====== DATA BELOW

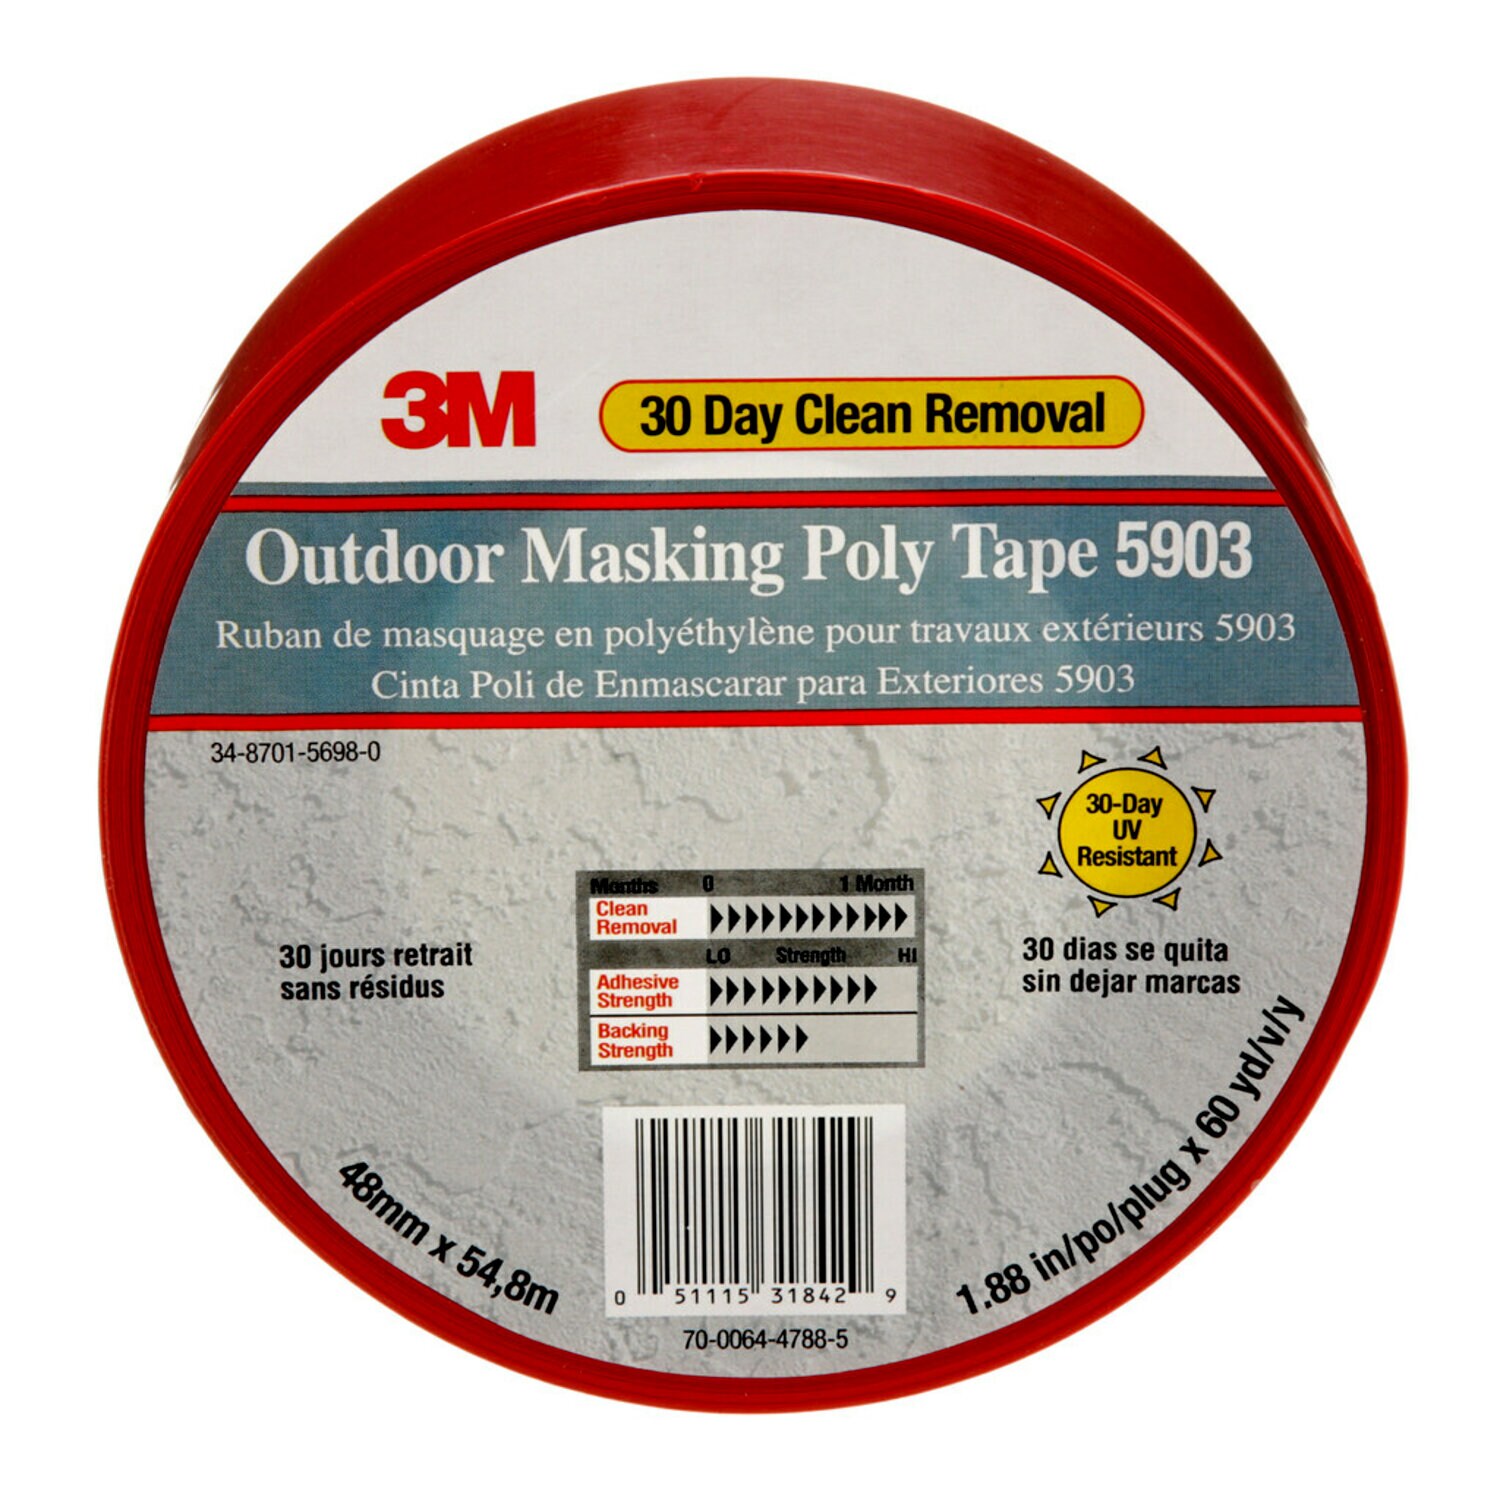 7000049309 - 3M Outdoor Masking Poly Tape 5903, Red, 48 mm x 54.8 m, 7.5 mil, 24
Roll/Case, Individually Wrapped Conveniently Packaged
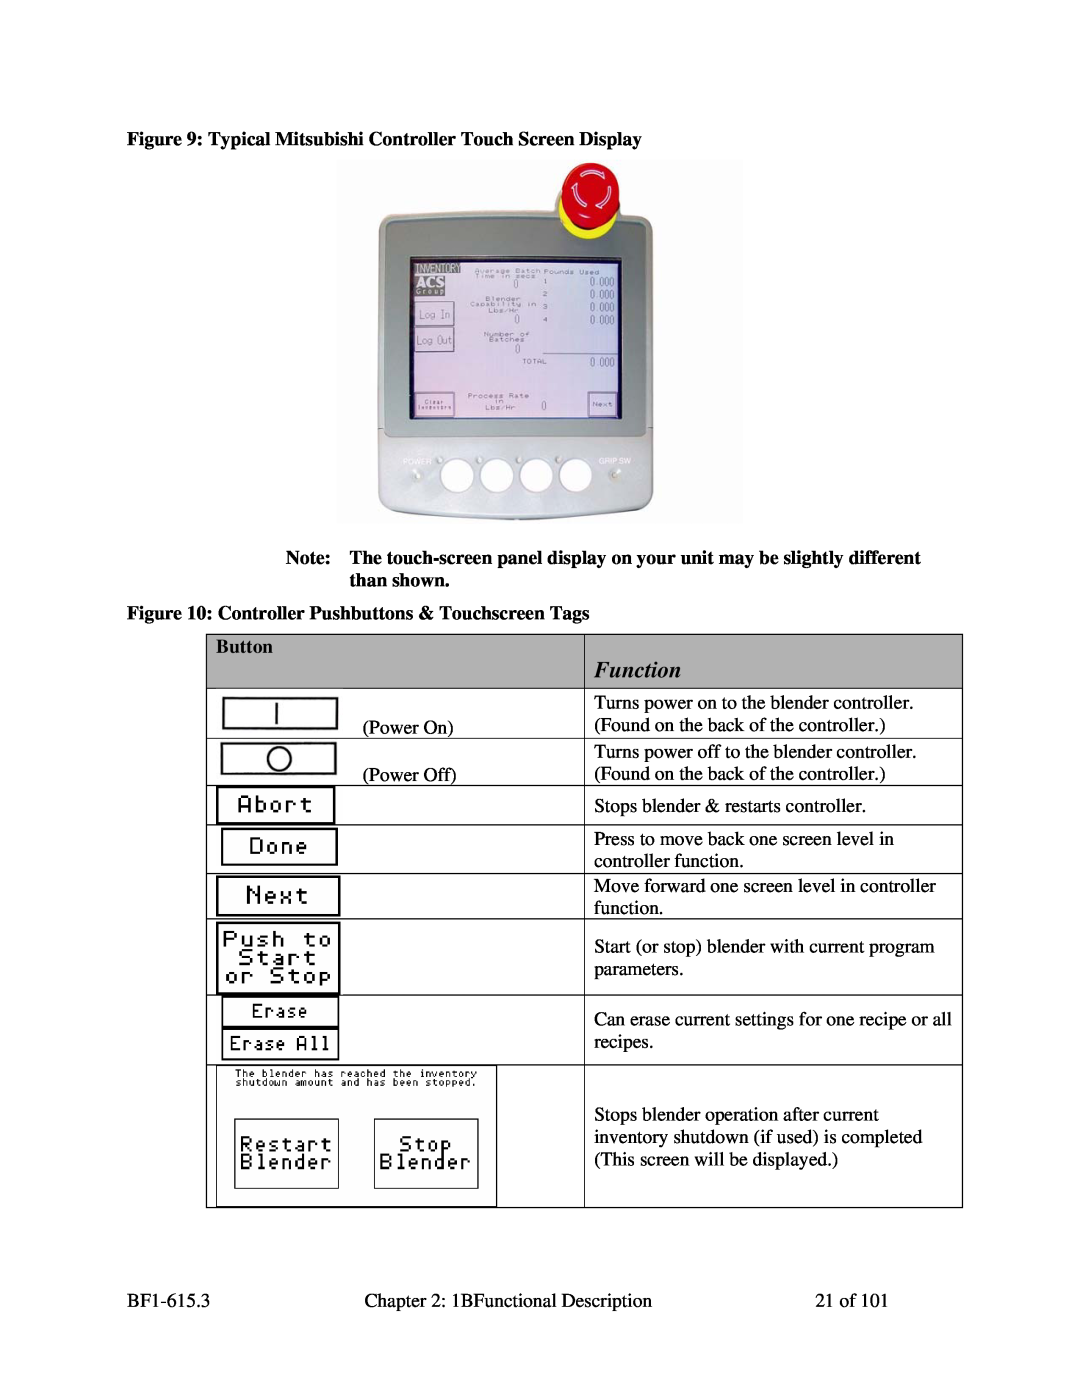 Mitsubishi Electronics 882.00273.00 specifications Typical Mitsubishi Controller Touch Screen Display, Button, Function

============

**WHAT YOU ARE ASKED TO DO:** Now write out the data word for word, skipping every picture in it.

**OUTPUT OF THE TASK:**
 7000049309 - 3M Outdoor Masking Poly Tape 5903, Red, 48 mm x 54.8 m, 7.5 mil, 24
Roll/Case, Individually Wrapped Conveniently Packaged
 Mitsubishi Electronics 882.00273.00 specifications Typical Mitsubishi Controller Touch Screen Display, Button, Function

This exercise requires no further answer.